Track: Data Analytics and Big Data
Abstract
Big Data is a technology that aims to capture, store, manage, and analyze large numbers of data with different types: structured, semi-structured and unstructured. These data are guided by the rule of the 5 Vs: Volume, Velocity, Variety, Veracity and Value. To analyze a large amount of information coming from several sources, the technological world of Big Data is based on clearly identified tools, including the Hadoop framework and the Apache Spark. Hadoop allows massive data storage with the Hadoop Distributed File System (HDFS) model, as well as the analysis with the MapReduce model, on a cluster that has one or more machines.
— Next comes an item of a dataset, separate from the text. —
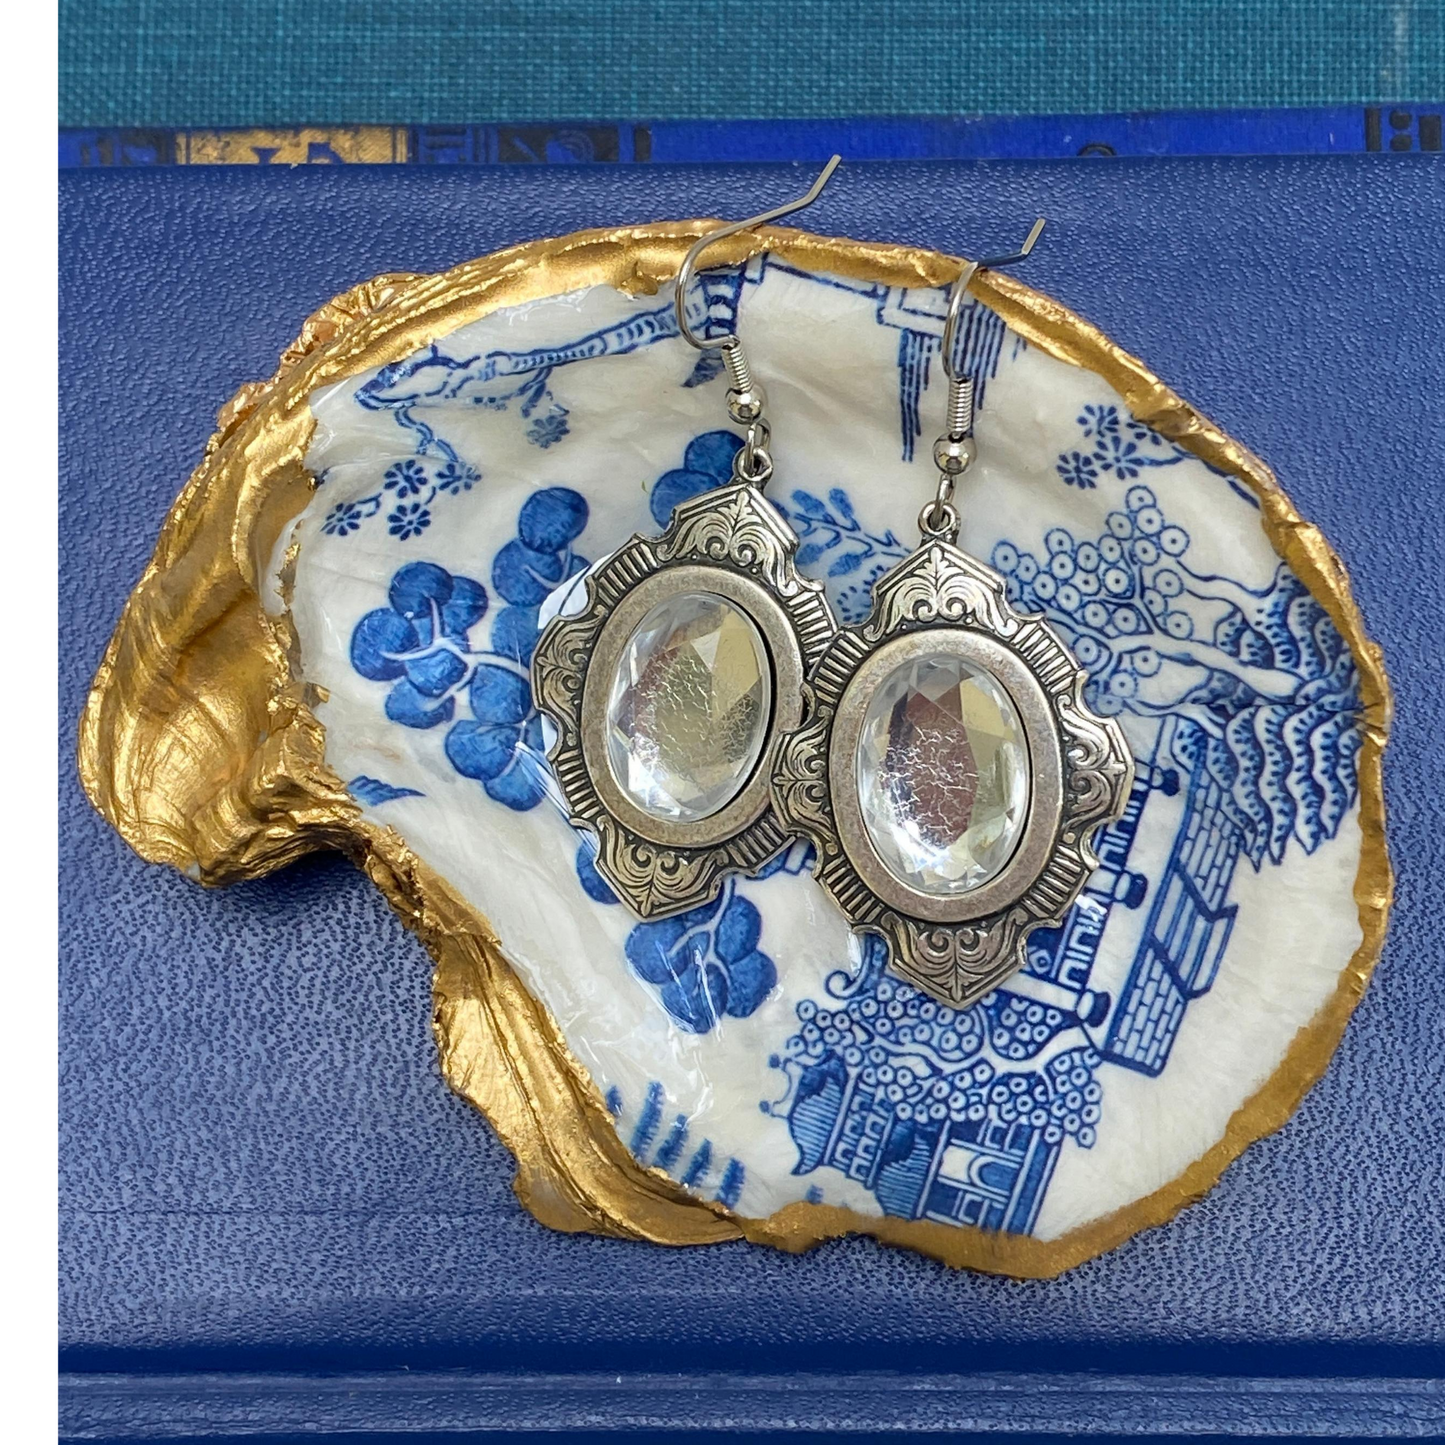 Earring, Vintage Antique Silver, Edwardian Clear Oval Cabochon, Diamond Shape Setting

Apache Spark analysis the distributed data, but it doesn’t contain a system storage. This article presents a comparative between the Big Data analysis methods offered by Hadoop and Spark, their architectures, operating modes and performances. Indeed, We have first begun by a general overview of Big Data technology. We discuss about the Hadoop Framework and their components: HDFS and MapReduce the first element of our comparison, we offer a study of their methodology, their mode of data processing and their architecture, at the end of this section we present the Hadoop ecosystem. We then continue with Apache Spark Framework the second element of our study, we expos their features, their ecosystem and their mode of analysis of large data. At the end, we compare these last two elements Hadoop and Spark based on a detailed study.